Burora: The ‘spy’ who threw pigs, became RCC and fell out with the system

Months after the 2016 elections Anderson Burora met Norman Tumuhimbise, the coordinator of the Jobless Brotherhood, a pressure group that was advocating for good governance in the country.

The Sunday meeting, which took place at Sabrina’s Pub on Bombo Road, followed numerous calls from Burora pleading to join the group and further the cause of justice.

It had been long in the making.

During the 2016 election campaigns, Burora intitially supported Amama Mbabazi and mobilised for him. Later as it became clear that Mbabazi’s prospects of winning the election were dim, Burora decamped to Museveni’s camp and was warmly received by Molly Kamukama, the then head of the NRM chairman office based in Bugolobi.

After the election, Kamukama organised an ideological training for Burora and other NRM youth at the National Leadership Institute in Kyakwanzi.

In Kyakwanzi, Kamukama, who had now been appointed the principal private secretary to the president, assured the group that after the course they would be appointed RDCs or Assistant RDCs.

As he headed home, Burora was excited. Bigger things were on the way, he thought to himself.

Two, three, four, five months later, the promised jobs had not yet materialised.

Running out patience and desperate to be noticed, Burora htached a cynical plan: He would join Tumuhimbise’s group, known for dumping yellow pigs at public institutions.

This was the main agenda of the Sabrina Pub meeting.
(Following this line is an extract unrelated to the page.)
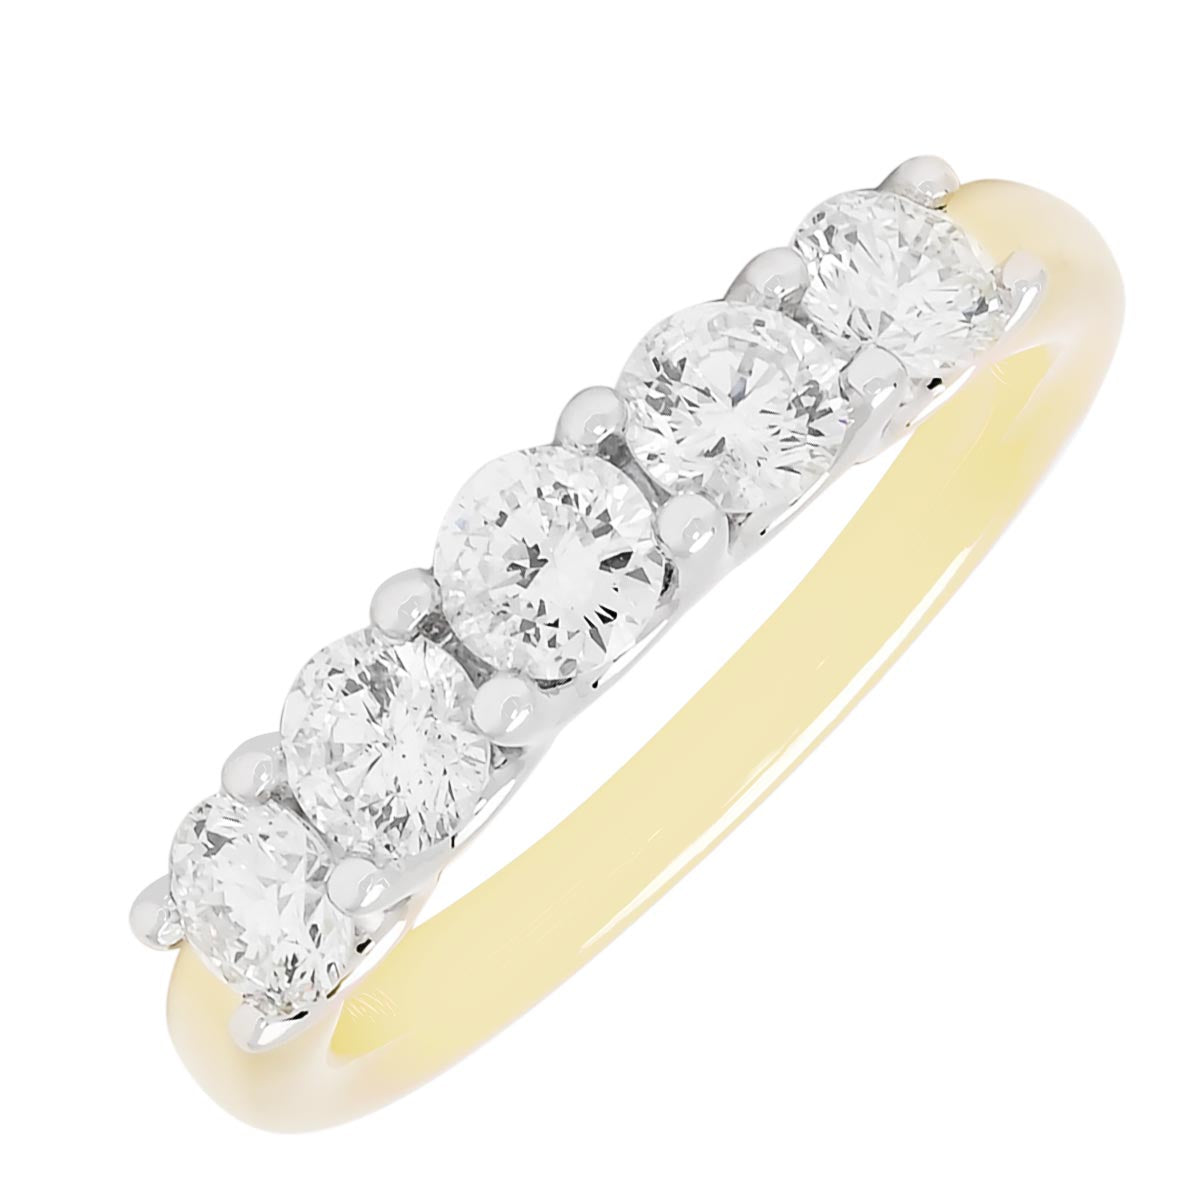 Northern Star Five Diamond Band in 14kt Yellow Gold (1ct tw)

Tumuhimbise did not trust Burora due to his NRM links so on the day of the meeting, he arrived an hour early to ascertain whether this was a set up.

“I took cover to see which other people would come with Anderson since I knew that Museveni’s security agents were capable of using him to kidnap me. Luckily he arrived alone. I saw him calling me as I took more minutes to ascertain if indeed he was alone. Minutes later I called him back and directed him to where I was seated. At first his smile seemed genuine, he narrated to me how he was was a disgruntled NRM youth who admired our group’s activism,” Tumhumbise recollected in a piece that he wrote on one of the online blogs.

After the meeting, Burora was officially recruited into the brotherhood but there were still suspicions about his intentions.

When the group launched the “Citizens Campaign against Corruption” where they planned to dump yellow painted pigs on the door steps of some of the institutions they considered corrupt, Tumhumbise decided to test whether Burora was a genuine activist or spy.

A day before the real action, he revealed to Burora the places where the pigs would be dumped.

By 6.00 am on the day the execution, Tumuhimbise says there was military and police presence around the places where the pigs would be dumped.

When he tried to get through to Burora, his phones were off. They changed tact, selected another place to dump the pigs.

Later Burora apologised and said he had gotten a problem. He relunctantly agreed to join them at Parliament where they had planned to throw pigs to show their opposition to the lifting of the presidential age limit.

Yet what was confounding, according to Tumuhimbise, was the way Burora was fraternising with the police officers after they had been arrested.

His true colours came out when Burora joined the pressure group “Kick Age Limit out of Constitution” which was led by Ibrahim Kitatta, the Lwengo LCV chairman.

The group mobilised for Museveni in the 2021 elections and a year later, Burora was appointed deputy Resident City Commissioner for Rubaga.

But his restlessness came to the fore early this year when he started criticising senior public officers notably Speaker Anita Among.

He resigned as RCC and formed a pressure group, NRM-In-Resistance. He instantnly became a national sensation and many of his critics started labelling him as a “hero.”

Today, he is battling charges of spreading malicious information and the national media is at attention.

His political capital has grown tremendously.